In Russian roulette, is it best to go first? Assume that we are playing a game of Russian roulette (6 chambers) and that there is no shuffling after the shot is fired.
I was wondering if you have an advantage in going first?
If so, how big of an advantage?
I was just debating this with friends, and I wouldn't know what probability to use to prove it. I'm thinking binomial distribution or something like that.
If $n=2$, then there's no advantage. Just $50/50$ if the person survives or dies.
If $n=3$, then maybe the other guy has an advantage. The person who goes second should have an advantage.
Or maybe I'm wrong.
 A: This reminds me of a similar interview question; you see your interviewer load two bullets into consecutive chambers of a gun, point at his head and pulls the trigger, but survives as it was an empty chamber.  He then gives you the gun to fire at your head, giving you the option to either spin the barrel before shooting or to just take the next shot.

You then decide not to spin the barrel; as with spinning you have a 2/6 ~ 33$\frac{1}{3}$% chance of killing yourself.  Without spinning and knowing that the last shot was nonlethal you leave only 5 chambers; two of which have bullets; however knowing the bullets are in consecutive chambers, you are only afraid of running into the group of bullets which appears in only 1 of 4 spots (of consecutive bullets) so there's only a 1/4 ~ 25% chance of dying.
A: They are all the same, because you only shuffle once.
The order of blank chambers and bullet are determined in the very beginning of the game.
Prob(Player A got shot) is just the probability of that bullet lies on the chamber player A will shot, for every one it is (number of bullets)$/$(number of chambers)
A: For a $2$ Player Game, it's obvious that player one will play, and $\frac16$ chance of losing.  Player $2$, has a $\frac16$ chance of winning on turn one, so there is a $\frac56$ chance he will have to take his turn. (I've intentionally left fractions without reducing them as it's clearer where the numbers came from)
Player 1 - $\frac66$ (Chance Turn $1$ happening) $\times \ \frac16$ (chance of dying) = $\frac16$
Player 2 - $\frac56$ (Chance Turn $2$ happening) $\times \ \frac15$ (chance of dying) = $\frac16$
Player 1 - $\frac46$ (Chance Turn $3$ happening) $\times \ \frac14$ (chance of dying) = $\frac16$
Player 2 - $\frac36$ (Chance Turn $4$ happening) $\times \ \frac13$ (chance of dying) = $\frac16$
Player 1 - $\frac26$ (Chance Turn $5$ happening) $\times \ \frac12$ (chance of dying) = $\frac16$
Player 2 - $\frac16$ (Chance Turn $6$ happening) $\times \ \frac11$ (chance of dying) = $\frac16$
So the two player game is fair without shuffling.
Similarly, the $3$ and $6$ player versions are fair.
It's the $4$ and $5$ player versions where you want to go last, in hopes that the bullets will run out before your second turn.
For a for $4$ player game, it's:
P1 - $\frac26$,
P2 - $\frac26$,
P3 - $\frac16$,
P4 - $\frac16$
Now, the idea in a $2$ player game is that it is best to be player $2$, because in the event you end up on turn six, you KNOW you have a chambered round, and can use it to shoot player $1$ (or your captor), thus winning, changing your total odds of losing to P1 - $\frac36$, P2 - $\frac26$, Captor -  $\frac16$
A: Your best bet is actually to go last, because this will either make no difference or decrease the probability of shooting yourself.
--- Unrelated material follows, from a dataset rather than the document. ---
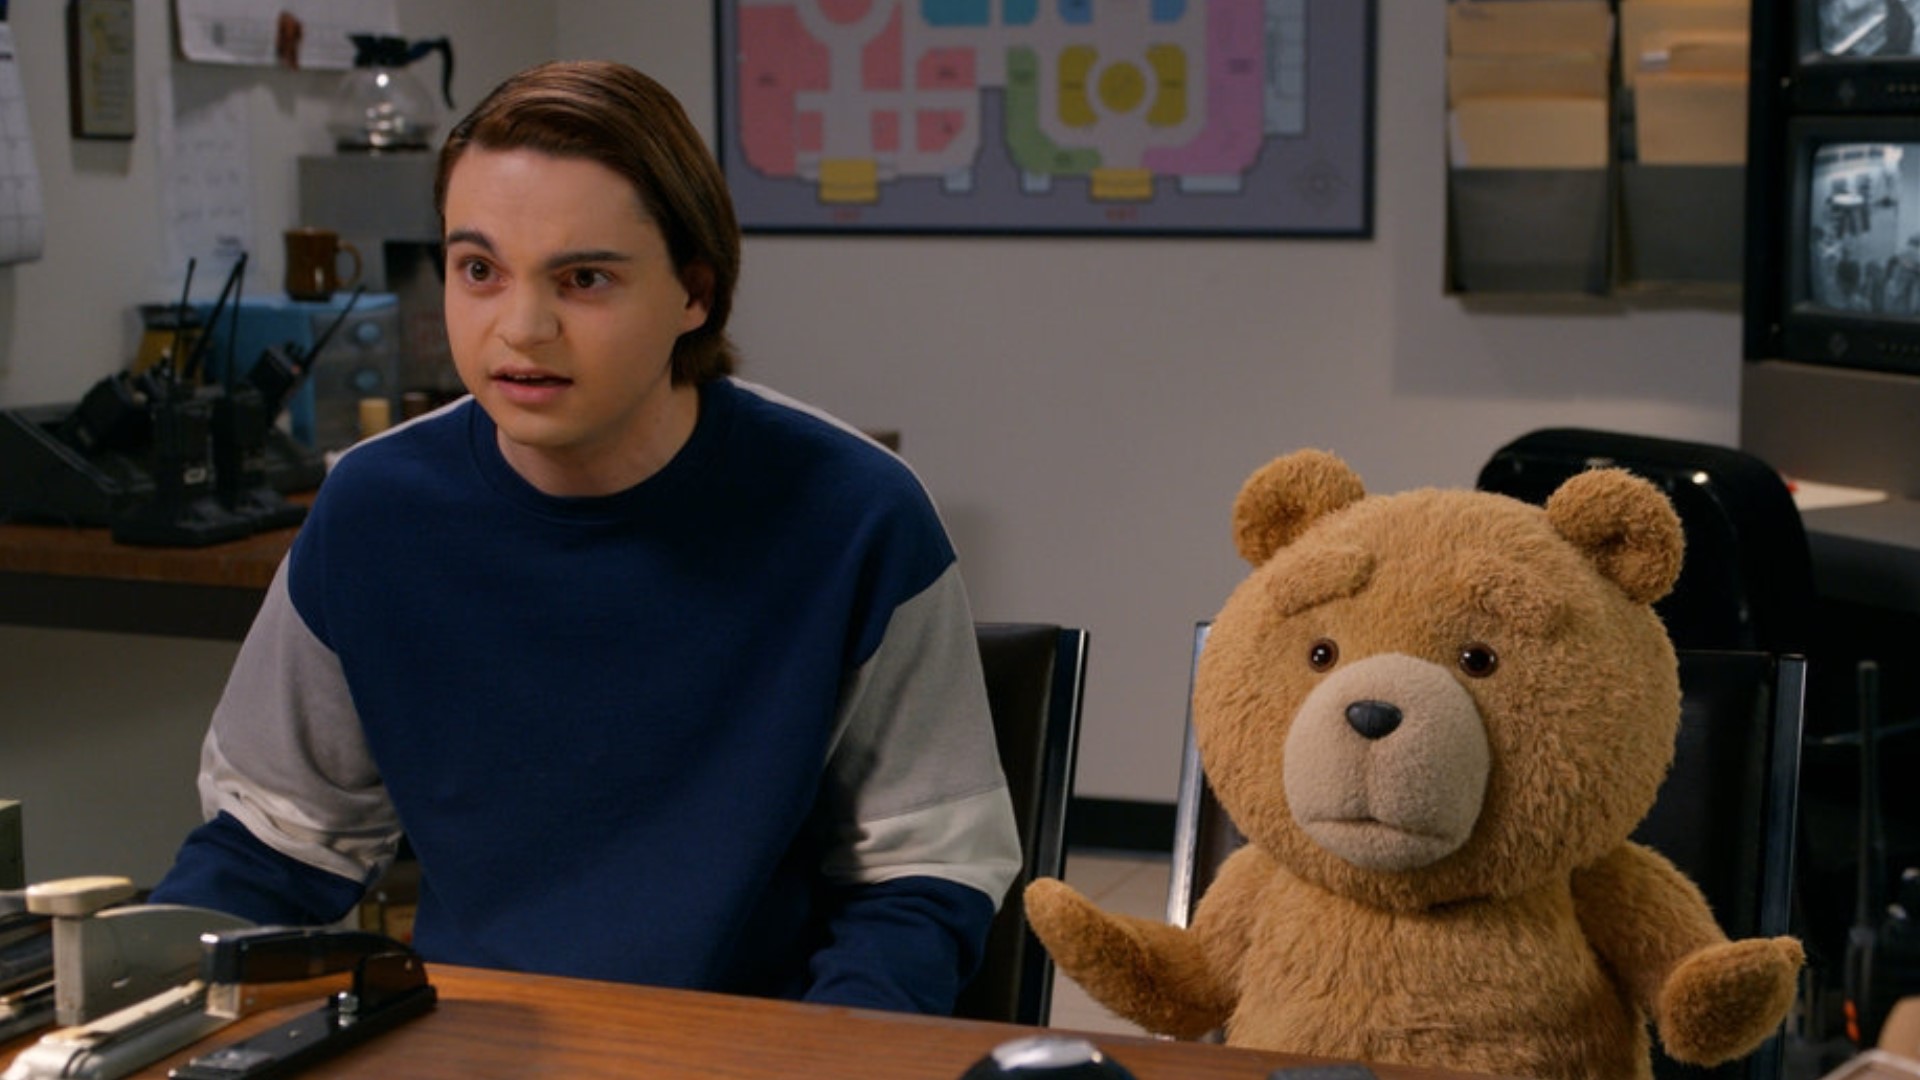 All seven episodes of "Ted" begin streaming on Peacock Thursday, Jan. 11.

Why? If there are $n$ people and $n$ divides $6$, then the probability of any one person taking the bullet is equal, since the probability distribution is assumed to be uniform over the number of times the trigger is pulled. If $n \le 6$ does not divide $6$, i.e. if $n=4$ or $5$, then the turns wrap around and begin with the first person again, so the first one or two people have to shoot again; naturally, this doubles their probability of being shot. And finally, if $n>6$ then the bullets will have run out before they come to you if you go last.
A: For 2 players and n chambers player 1 loses if the round is in the odd-numbered chamber. Hence if $n$ is even, chances are $50/50$ and if n is odd, chances of losing are $(\frac{n+1}{2n},\frac{n-1}{2n}$) - it's a disadvantage to go first.